- 発行日 :
- 自治体名 : 三重県
- 広報紙名 : 県政だより みえ 令和8年1月号
三重で地域の発展や課題解決に貢献している人・団体を紹介
津市 株式会社つじ農園 代表取締役 辻 武史(つじ たけし)さん
デジタル技術を取り入れた米作りや人との交流を通じて、農村の可能性を広げています。
■地域が元気になる農村の未来をつくりたい!
▽「デジタル技術」×「米作り」のきっかけは?
2016年まで愛知県の精密機械メーカーで、品質管理や生産技術、海外営業などを担当していました。出張先のヨーロッパのワイナリーで、夏はぶどうを育て、冬はワインを売る暮らしに出会い、すごく魅力を感じました。それで「米作りをしている実家なら同じことができるのでは」と考えたのが、現在の活動の始まりです。
今は、三重県産のブランド米「結びの神」など、常時6種類ほどのお米を栽培しています。ドローンで生育状況を確認し、データをもとに肥料を散布するなど、前職で培ったデジタル技術や品質管理のノウハウを生かしています。米作りというより、「自分の商品を作る」感覚で取り組んでいます。
▽活動で心掛けていることは?
農作業の安全性や米の品質の確保は、前職での経験から強く意識していますが、「関係性を育てること」も大切にしています。その一つとして、ご飯を好きなだけ食べられる交流イベント「無限めし」を県内外で開催しています。音楽やアート、地方創生などのさまざまなテーマを通じて参加者がつながり、新たな可能性を広げるイベントです。そういう場所で、つじ農園がどのような想いで米作りをしているかを伝えています。お客様が商品を直接見て、納得してくださることが何より大事だと思っていますので。

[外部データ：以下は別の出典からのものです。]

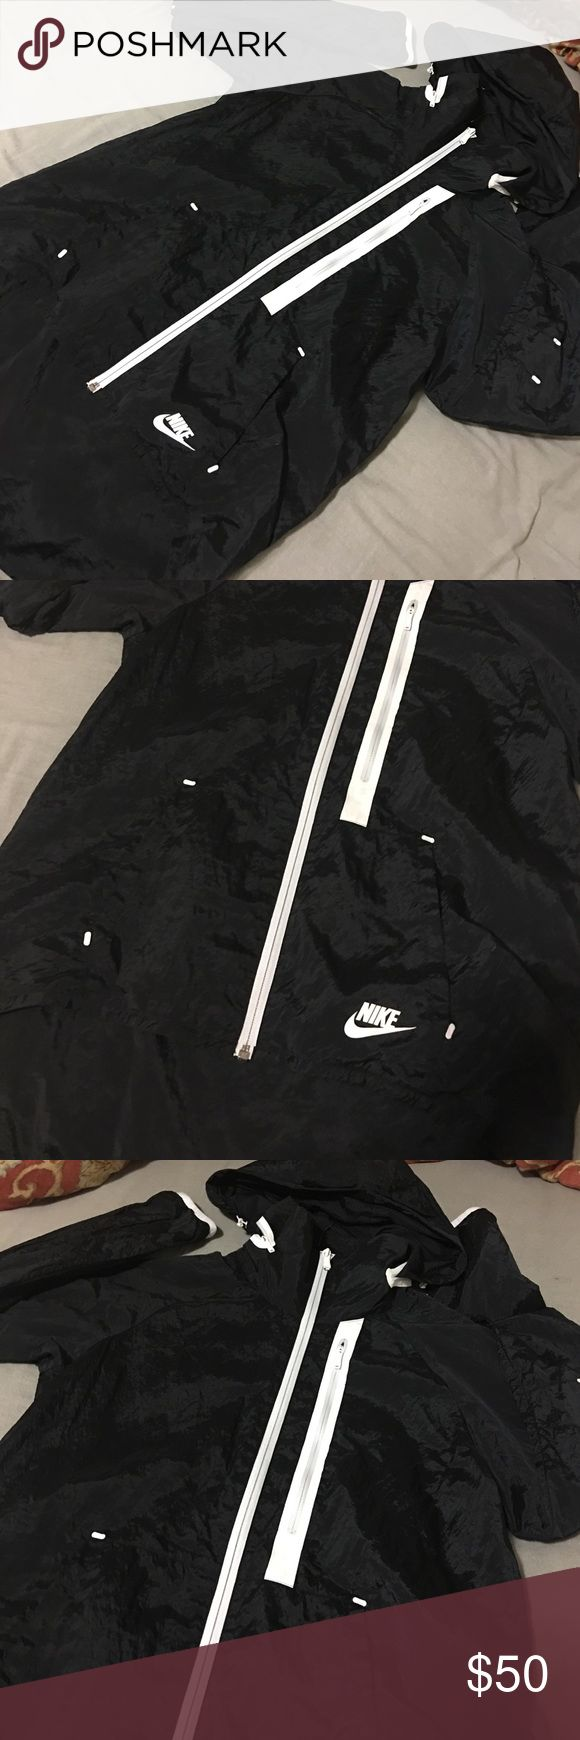 Nike Women's windbreaker zip up hoodie Worn only handful of times Nike Jackets & Coats Utility Jackets
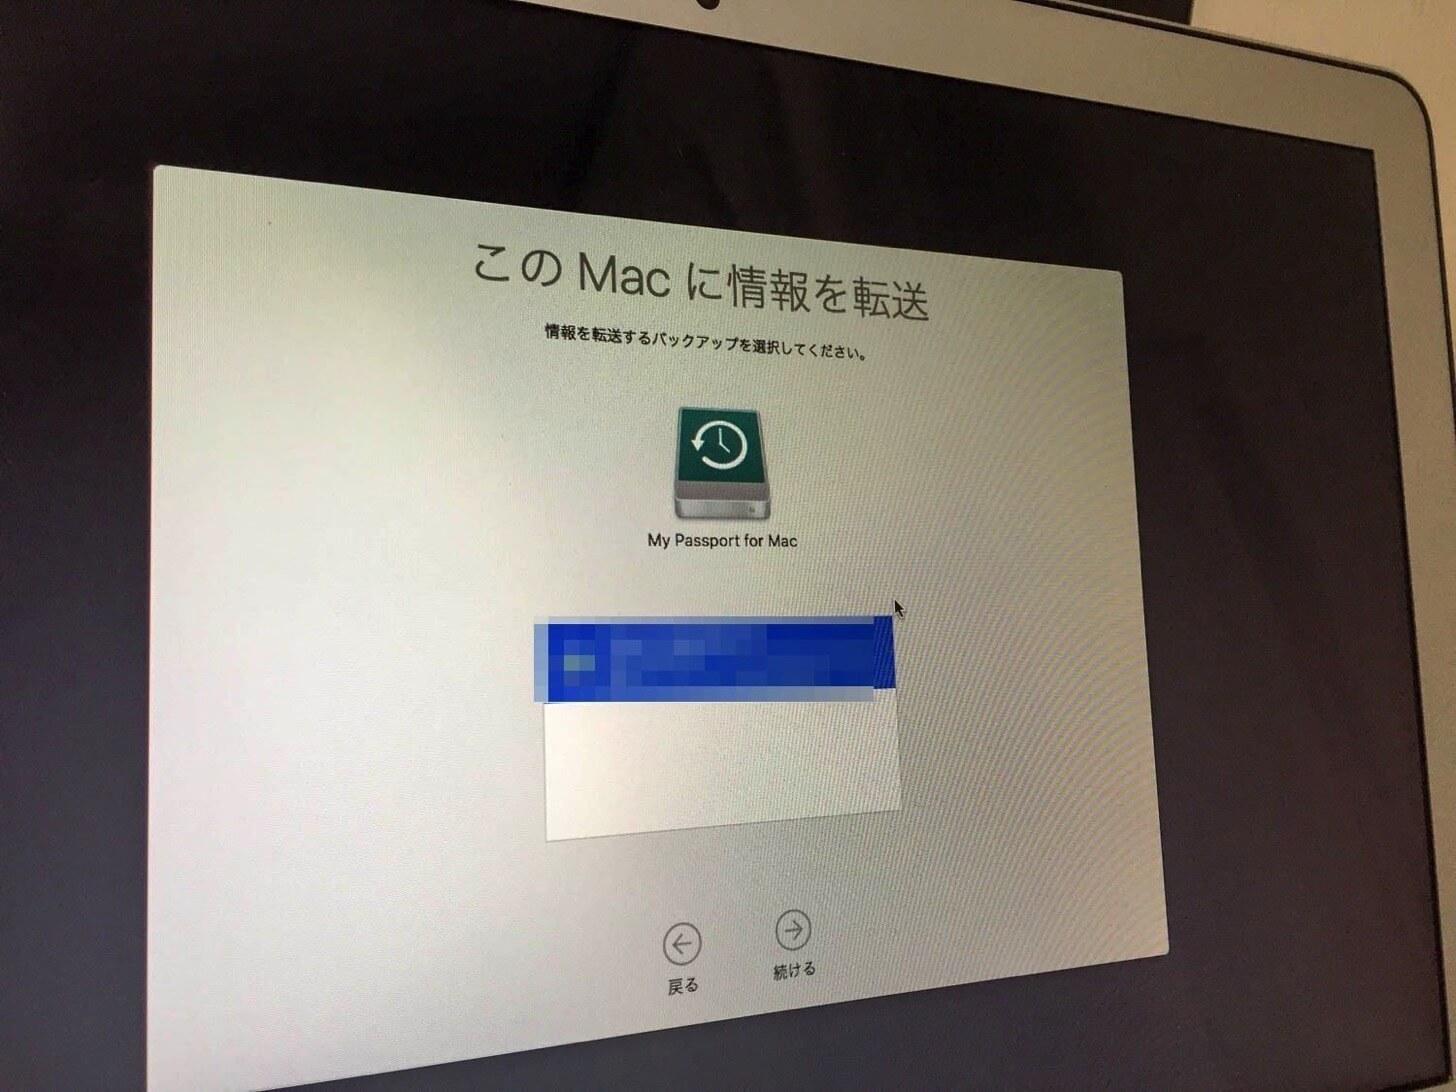 mac-timemachine-backup-restoration6

農園には、地域の方や学生、海外の方など多くの人が訪れます。その時もちょっとした農作業やイベントなどのお手伝いをお願いするんです。すると、次も来てくれやすくなるんですよ。そうやって関わる人たちが、気づけば仲間になっていく。そんな居心地のよい場づくりを心掛けています。農園に関わってくれた人が笑顔で帰っていく姿を見るたびに、「この場所にも価値がある」と感じます。
▽今後の目標を教えてください
都市近郊の農村では、農業をやめる人が増え、地域の活力が失われつつあります。そんな中、つじ農園のように人が集まり、つながりが生まれ、事業としても成り立つ場を全国に広げていきたいと考えています。そのために、つじ農園をさらに充実させて、「自分たちもやってみたい」と思ってもらえるモデルを確立していきたいと思っています。
また、私自身、三重県が推進する「みえDXセンター」で、「みえDXアドバイザーズ」の一員として、スマート農業の導入などに関するご相談も承っています。ぜひお気軽にお声掛けください。